**MATERIAL PROVIDED**
*** Begin section ***

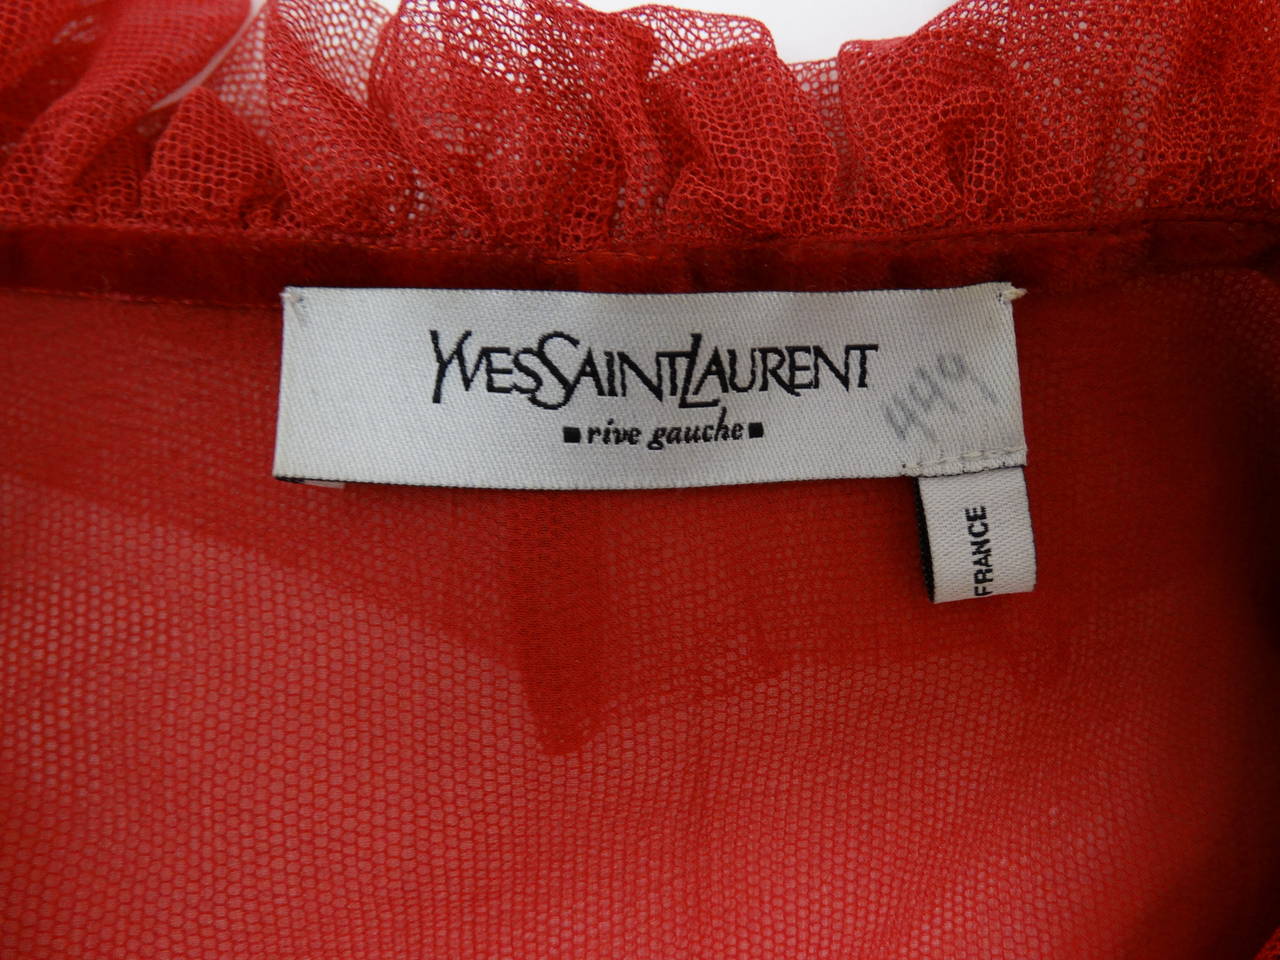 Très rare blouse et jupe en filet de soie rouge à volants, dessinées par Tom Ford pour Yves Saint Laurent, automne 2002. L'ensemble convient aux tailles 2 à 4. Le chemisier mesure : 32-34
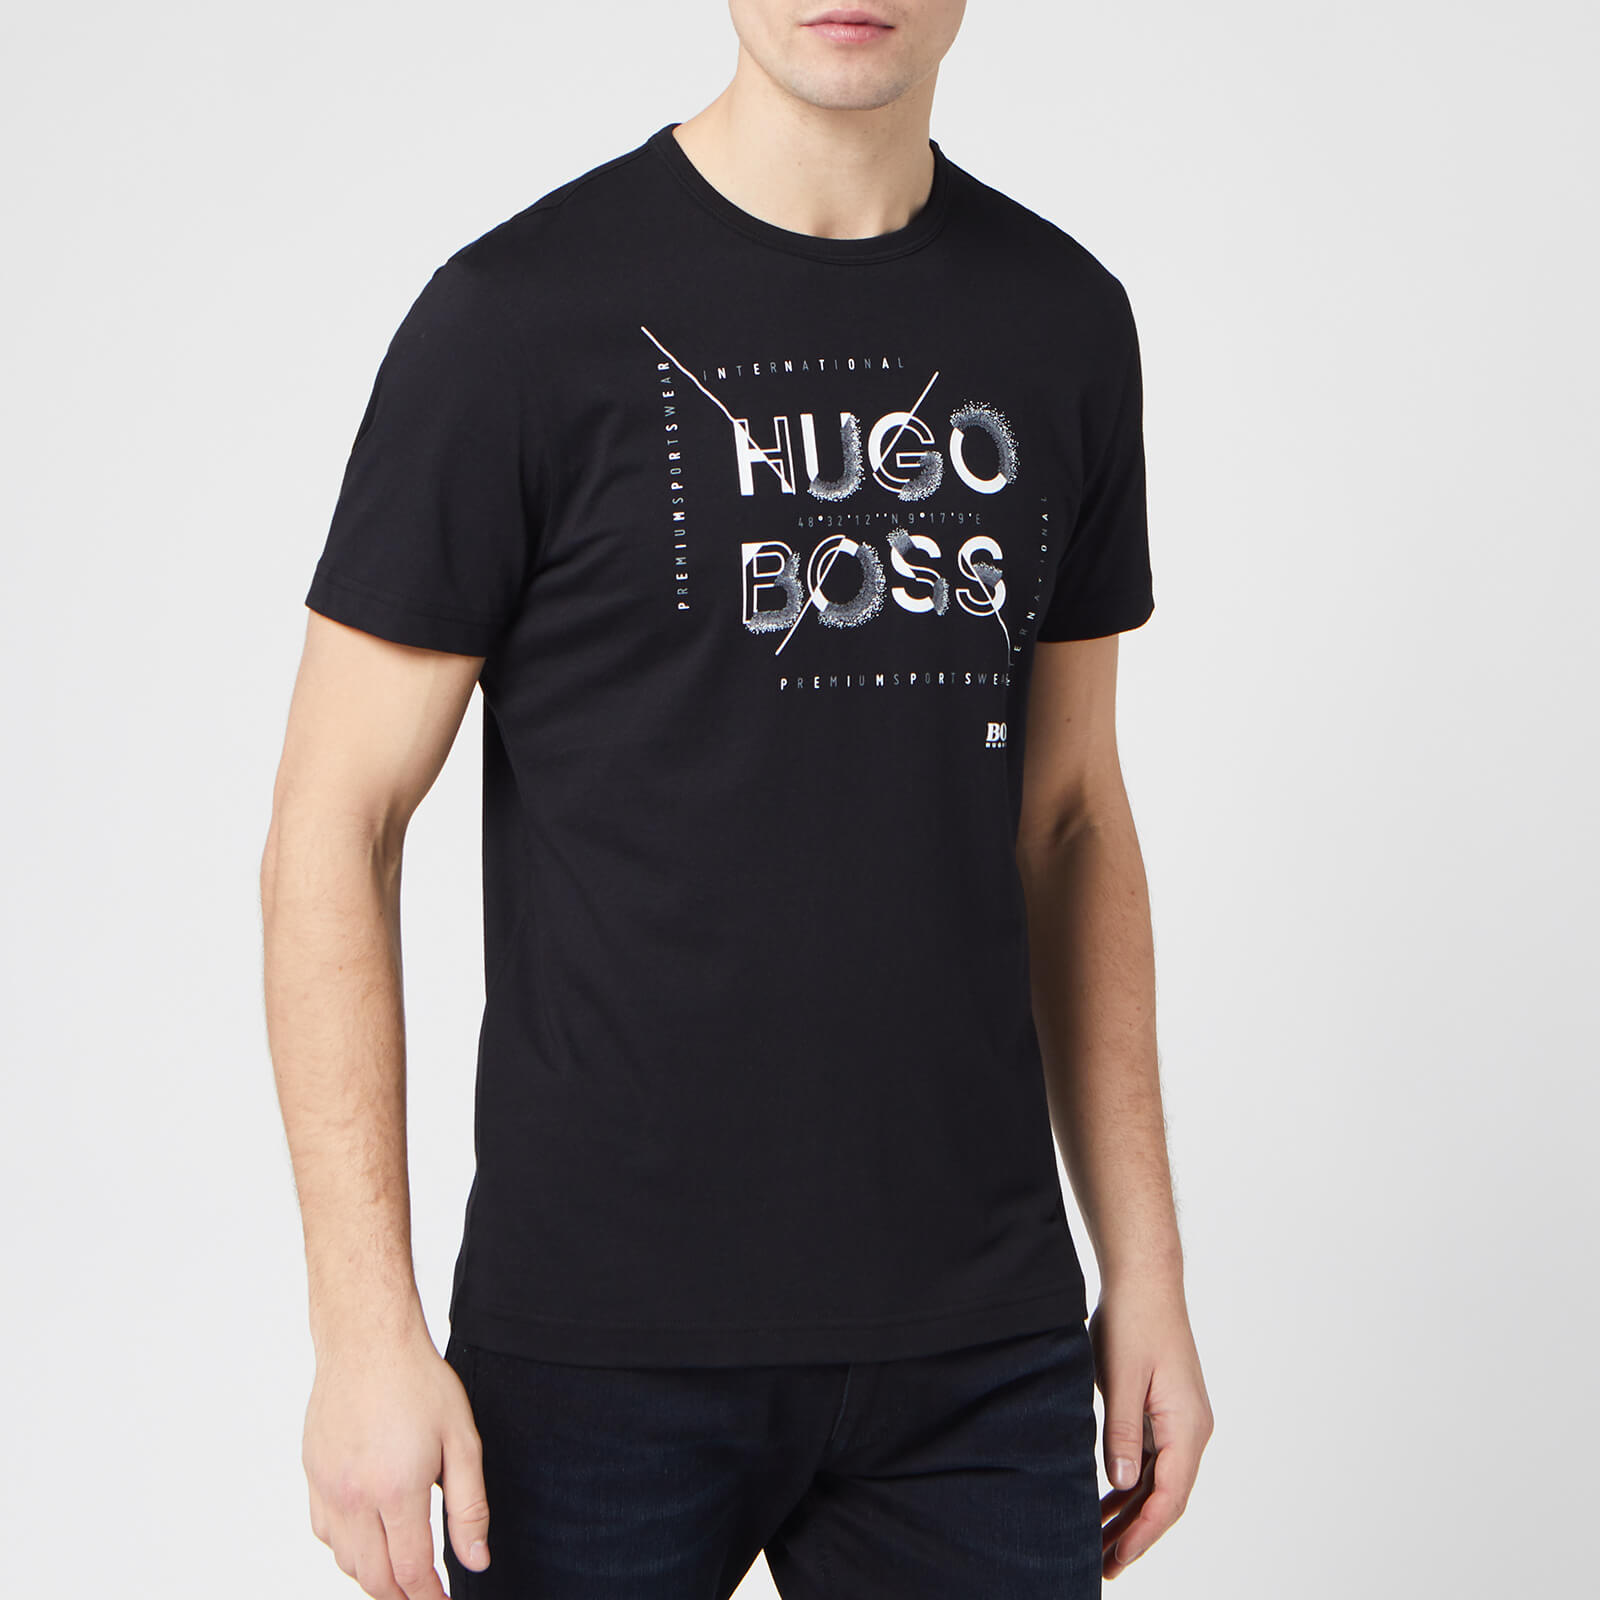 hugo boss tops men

*** End section ***
*** Begin section ***

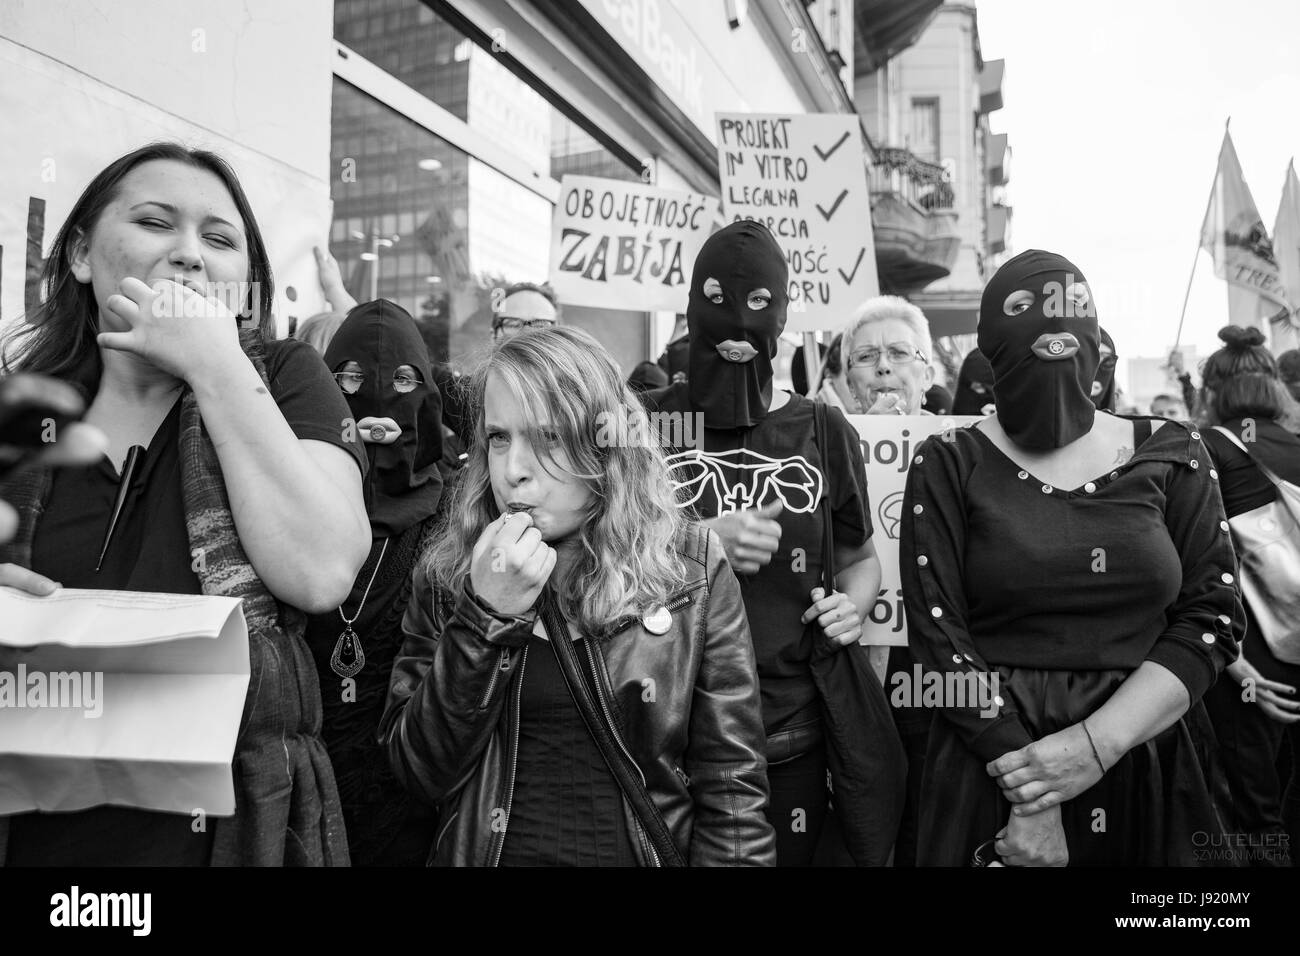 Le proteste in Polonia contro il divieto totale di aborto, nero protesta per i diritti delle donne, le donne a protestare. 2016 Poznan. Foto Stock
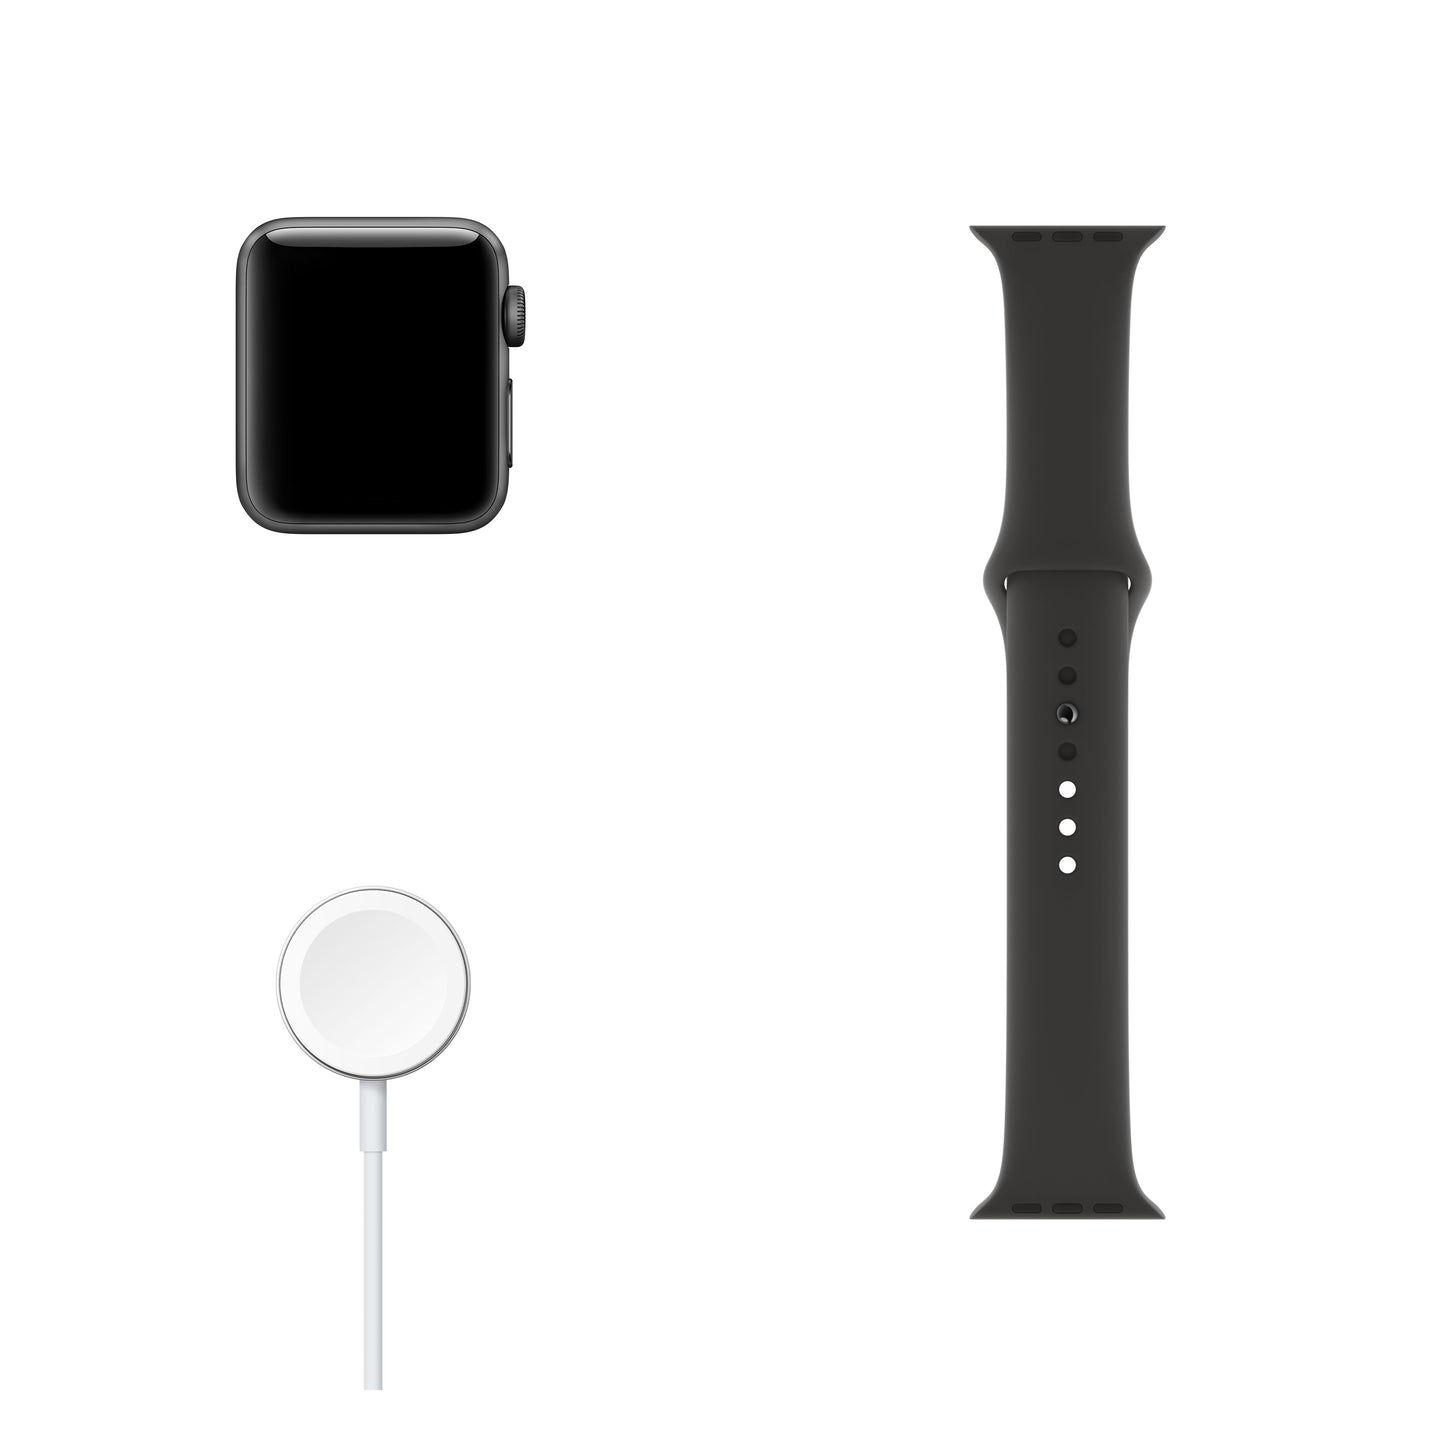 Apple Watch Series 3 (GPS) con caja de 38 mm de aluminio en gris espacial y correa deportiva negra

*** End section ***
*** Begin section ***

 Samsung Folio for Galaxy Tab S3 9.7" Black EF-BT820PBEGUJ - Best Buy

*** End section ***

The copy should hold exactly the lines above from the one with "Très rare blouse" through the one with "hugo boss tops men", both ends counted, and no pictures at all.

 Très rare blouse et jupe en filet de soie rouge à volants, dessinées par Tom Ford pour Yves Saint Laurent, automne 2002. L'ensemble convient aux tailles 2 à 4. Le chemisier mesure : 32-34
 hugo boss tops men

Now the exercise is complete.